The Old Man (US: FX; UK: Disney+)
Dan Chase is a former CIA operative who has been living off the grid for thirty years. After killing an assassin, Chase is forced into hiding. While in hiding, Chase rents a room from Zoe McDonald, with whom he is forced to partner while on the run.
FBI Assistant Director for Counterintelligence, Harold Harper, is called upon to bring Chase in, because of their complicated past. Working alongside Harper is his protégée, Agent Angela Adams, and Agent Raymond Waters, as well as Julian Carson, a highly trained special ops contractor sent to pursue Chase.
This is very much a spy show aimed for people who have been around for a while. I guess the best way of thinking of it is as The Bourne Supremacy, but if Jason Bourne had actually been an old man by the time the CIA caught up with him. But there’s also a hint or two of John Wick, as this Jason has very few limits when it comes to ultraviolence.

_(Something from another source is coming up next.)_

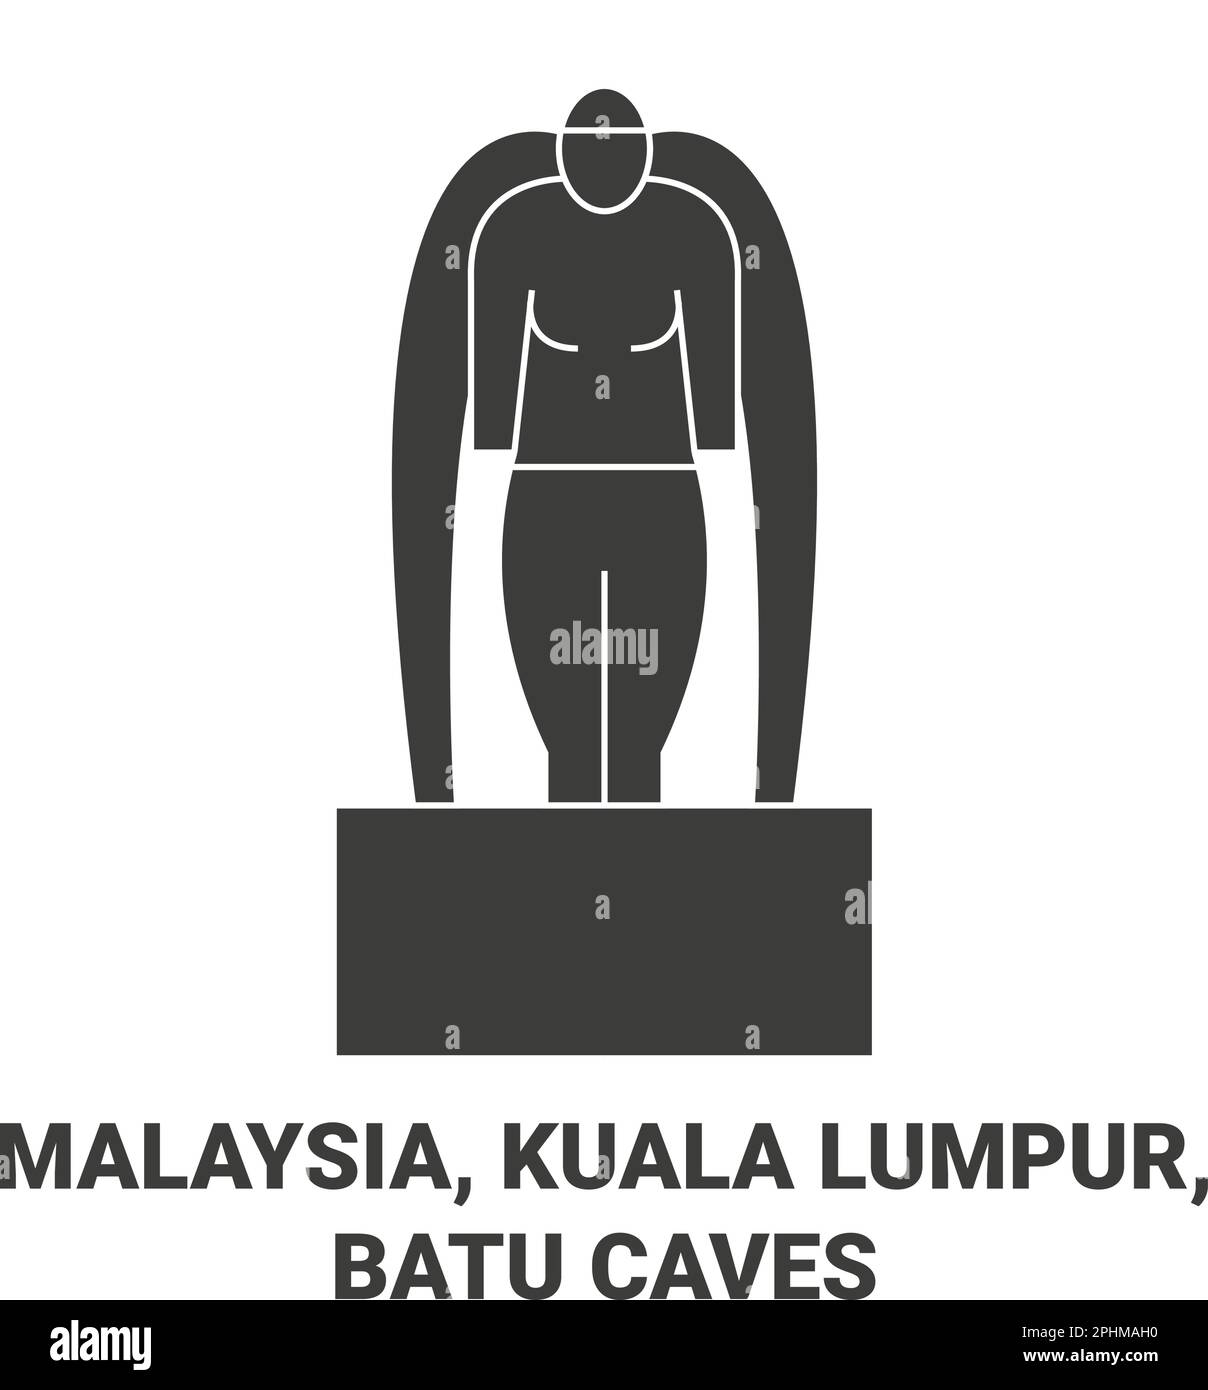 Malaysia, Kuala Lumpur, Batu Caves travel landmark vector illustration Stock Vector

Here, it’s Jeff Bridges as the old Jason Bourne (a cunning coincidence of initials) and John Lithgow as his former CIA colleague turned FBI assistant director who has to catch him. The show’s big selling point for me is that it’s messy. Maybe not realistic. But messy. Nothing goes right. Our hero is out of practice and knows tradecraft from the 80s, but he’s an old man and times have moved on. It’s only his sheer ruthless nastiness and blind luck that help to overcome people who are just as smart, but younger, fitter and more up-to-datea. Fight scenes are not “one punch and he’s knocked out”, but long protracted affairs of viciousness and people just carrying on fighting because they know they’ll die if they don’t.

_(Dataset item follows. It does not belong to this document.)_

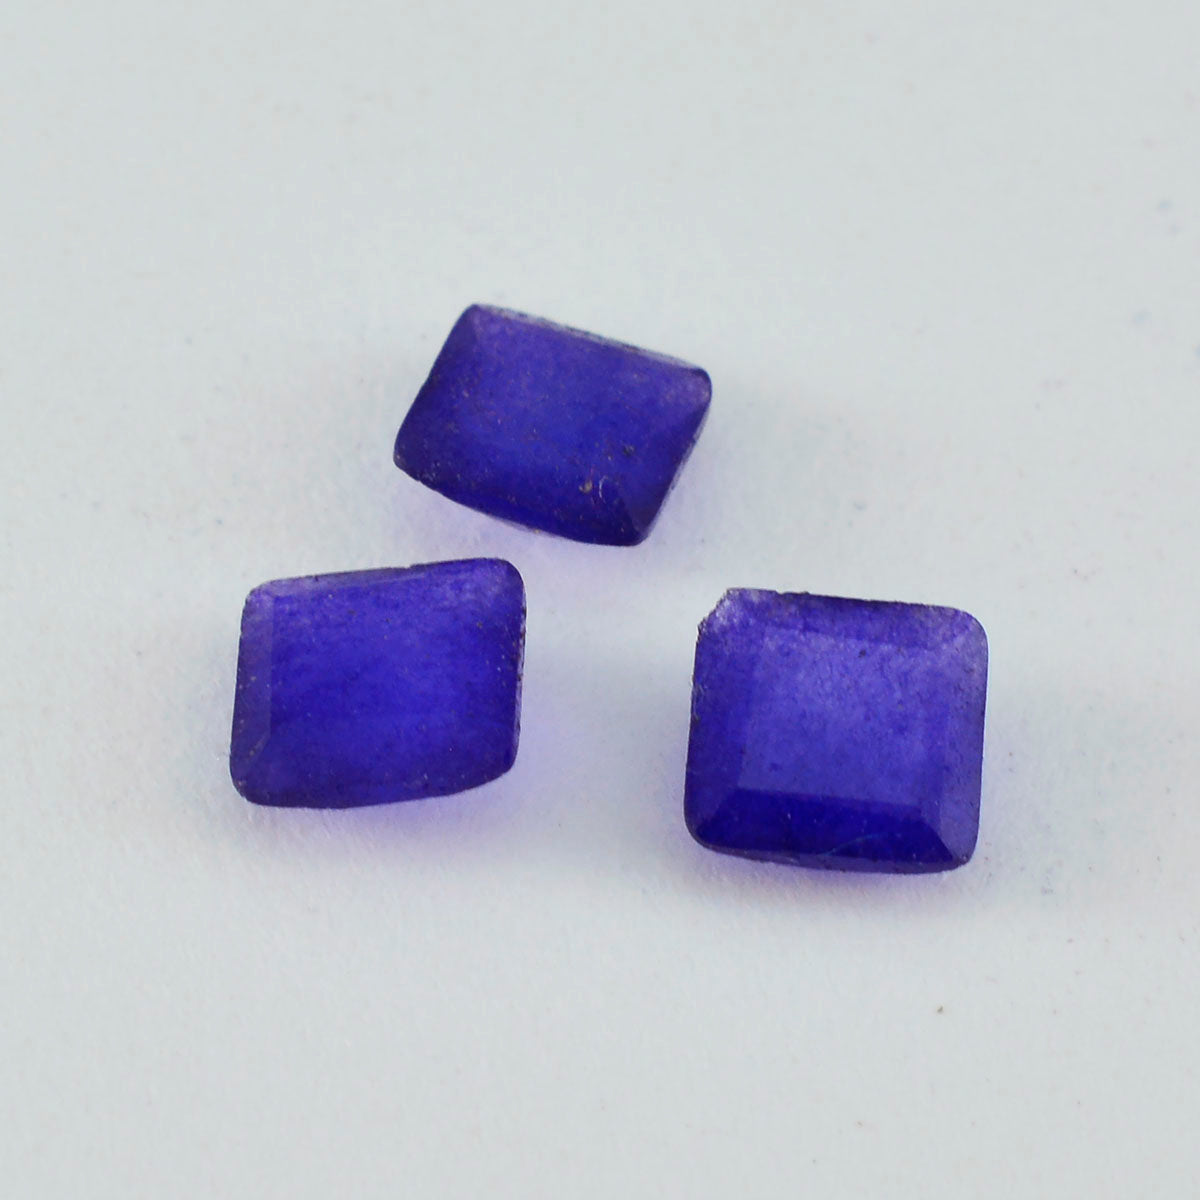 Riyogems 1PC Natural Blue Jasper Faceted 10x10 mm Square Shape good-looking Quality Gems

Unlike Supremacy, there’s also a refreshing lack of macho cliched dialogue. A lot of macho dialogue for sure, but it’s very much written for people who’ve heard it all before and want something in the same vein but different. The first episode is quite a brutal affair; the second is a little more reserved, as our hero meets Amy Brenneman (NYPD Blue, Heat) and the two strike up a realistic, old-person’s relationship based around knowledge of their own long pasts, a lifetime of self-discovery – and a collection of exciting medications they now have to take.
Bridges is awesome: he’s not sleeping walking his way through this one at all. Lithgow is permanently electrifying. Even the supporting cast (which includes Alia Shawkat and Joel Grey! Yes, he’s still alive and acting!) are mesmerising. If you like a good spy show, this is definitely one to try.
(I’ve put Disney+ as all the news sites say that’s where it’s going to be. But they also say June 17. And it’s not there yet. So take that with a pinch of salt.)